1 files changed, 59 insertions, 2 deletions
diff --git a/report/pr-clustering/posterior.tex b/report/pr-clustering/posterior.tex
index c66eaa4c..734e53ed 100644
--- a/report/pr-clustering/posterior.tex
+++ b/report/pr-clustering/posterior.tex
@@ -20,7 +20,7 @@ category and then that category generates the contex for the phrase.
 
 \begin{figure}[h]
   \centering
-  \includegraphics[width=3.5in]{EMdigram}
+  \includegraphics[width=3.5in]{pr-clustering/EMdigram}
   \caption{Basic Phrase Clustering Model}
   \label{fig:EM}
 \end{figure}
@@ -64,8 +64,22 @@ from the output, EM is using more categories than we wanted for
 each phrase.
 Posterior regularization
 provides a way to enforce sparsity \citep{ganchev:penn:2009}.
+The general idea of posterior regularization is to modify
+E-step of EM, so that instead of using posterior distribution
+as the $q$ distribution directly, we want to find the nearest
+$q$
+in a constrained space  as shown in Figure \ref{fig:EMPR}.
+
+\begin{figure}[h]
+  \centering
+  \includegraphics[width=3.5in]{pr-clustering/EMPR}
+  \caption{EM with posterior regularization}
+  \label{fig:EMPR}
+\end{figure}
+
 The constraint we use here is called $l_1/ l_\infty$
-regularization.
+regularization in Ganchev's technical report.

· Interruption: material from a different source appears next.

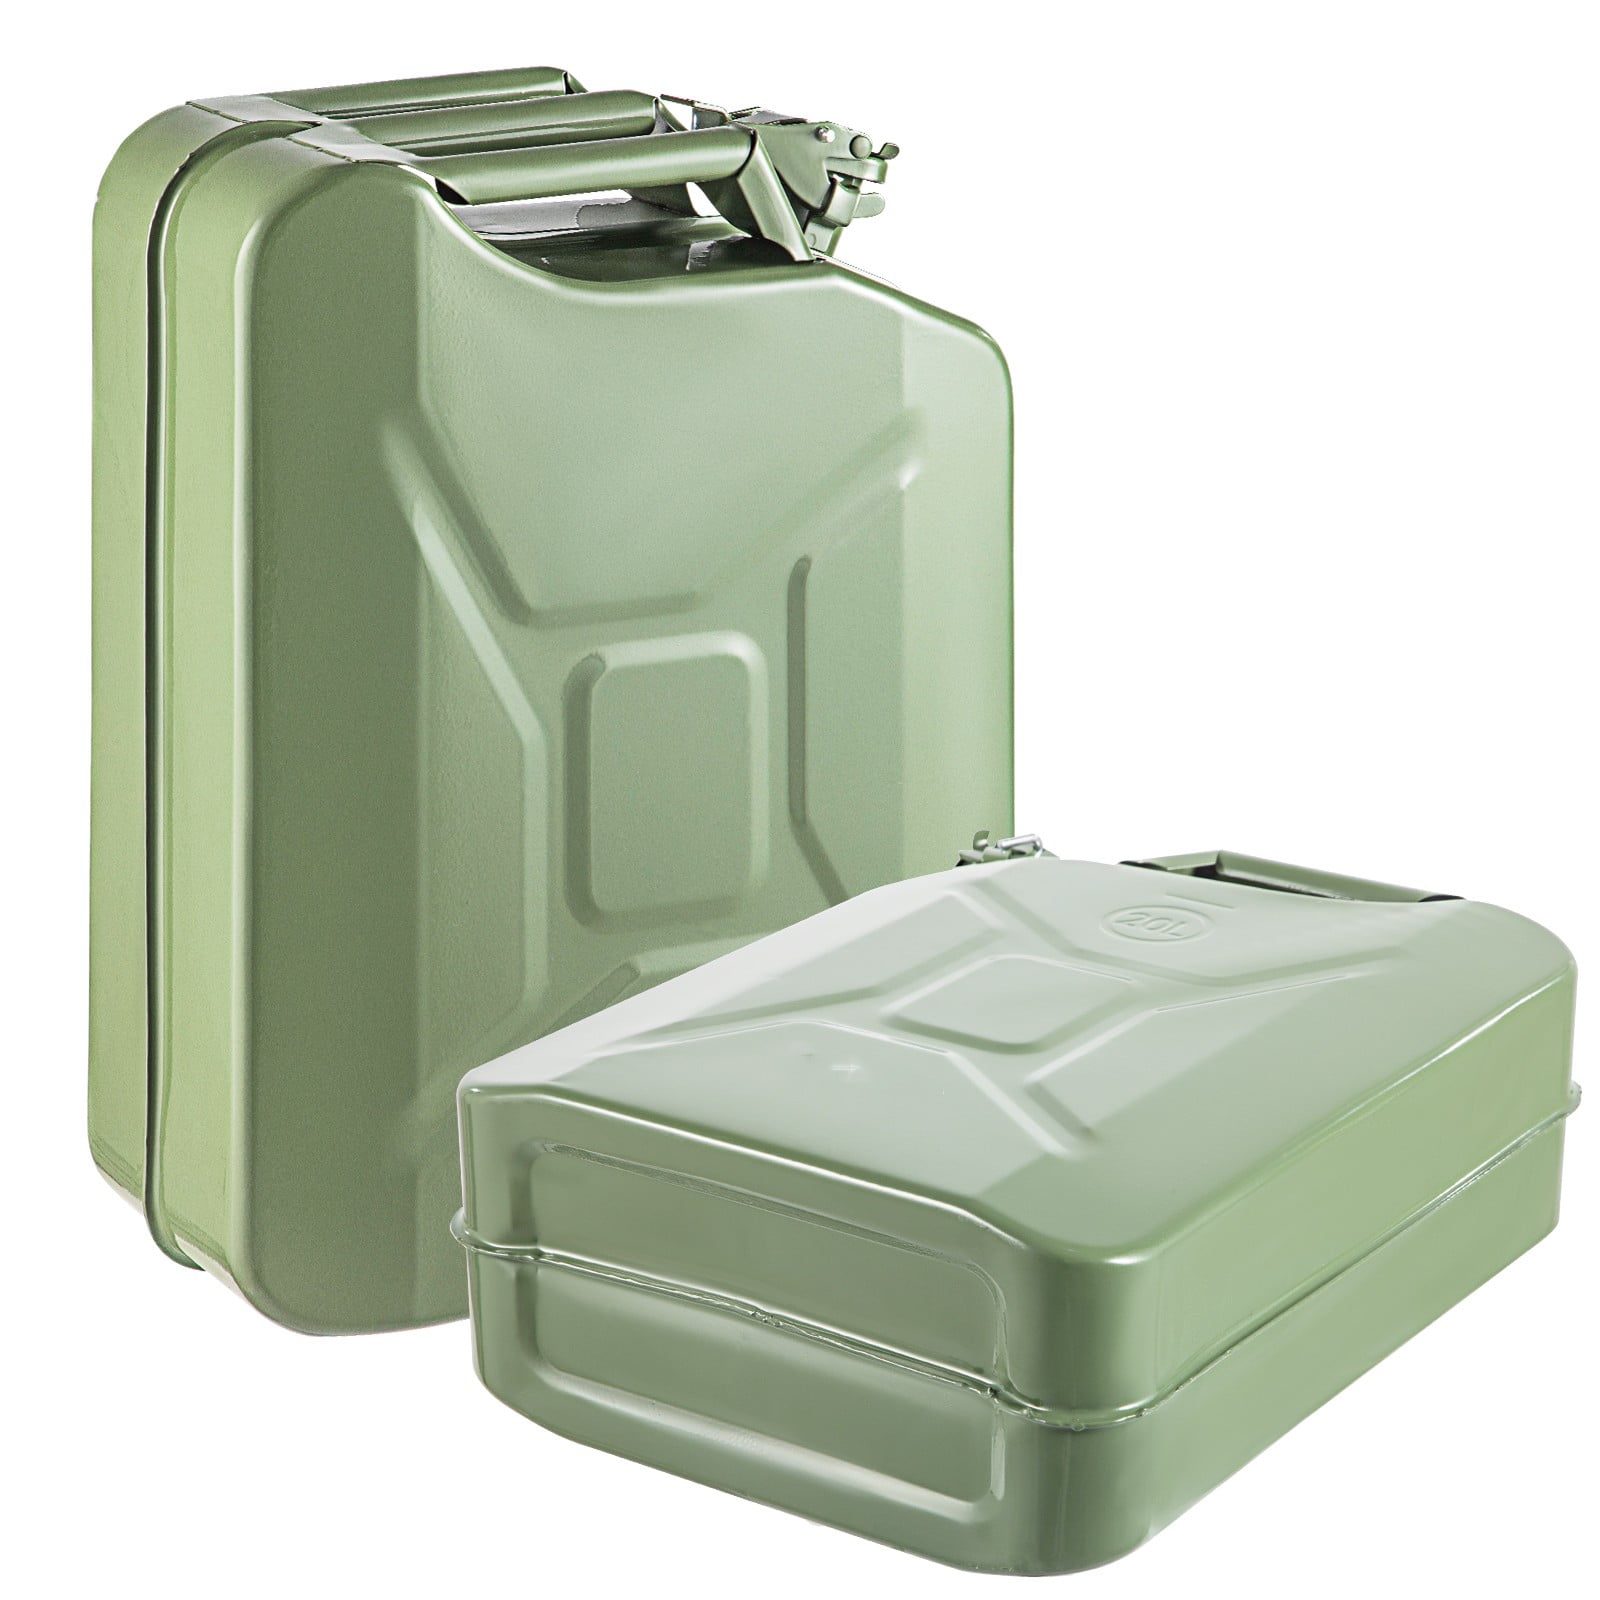 20 Liter Jerry Can - SINGLE CAN

The notations
+we use here largely follows Ganchev's.
 In a more mathematical formulation, for each phrase $\textbf{p}$,
 we want the quantity 
 \[\sum_{z=1}^K \max_i P(z|\textbf{p},\textbf{c}_i) \]
@@ -79,3 +93,46 @@ are the same
 for all
 occurrences of $\textbf{p}$. That is ,
 $\forall i,j$, $P(z|\textbf{p},\textbf{c}_i)=P(z|\textbf{p},\textbf{c}_j)$. 
+
+Define feature functions for $i$th occurrence of phrase $\textbf{p}$
+with category $j$,
+as a function of category $z$:
+\[
+\phi_{\textbf{p}ij}(z)=
+\begin{cases}
+1\text{ if z=j}\\
+0\text{ otherwise}
+\end{cases}.
+\]
+For notation simplicity, for
+each phrase category pair, 
+define variables $c_{\textbf{p}z}$ that will
+eventually be $\max_i E_q[\phi_{\textbf{p}iz}]$.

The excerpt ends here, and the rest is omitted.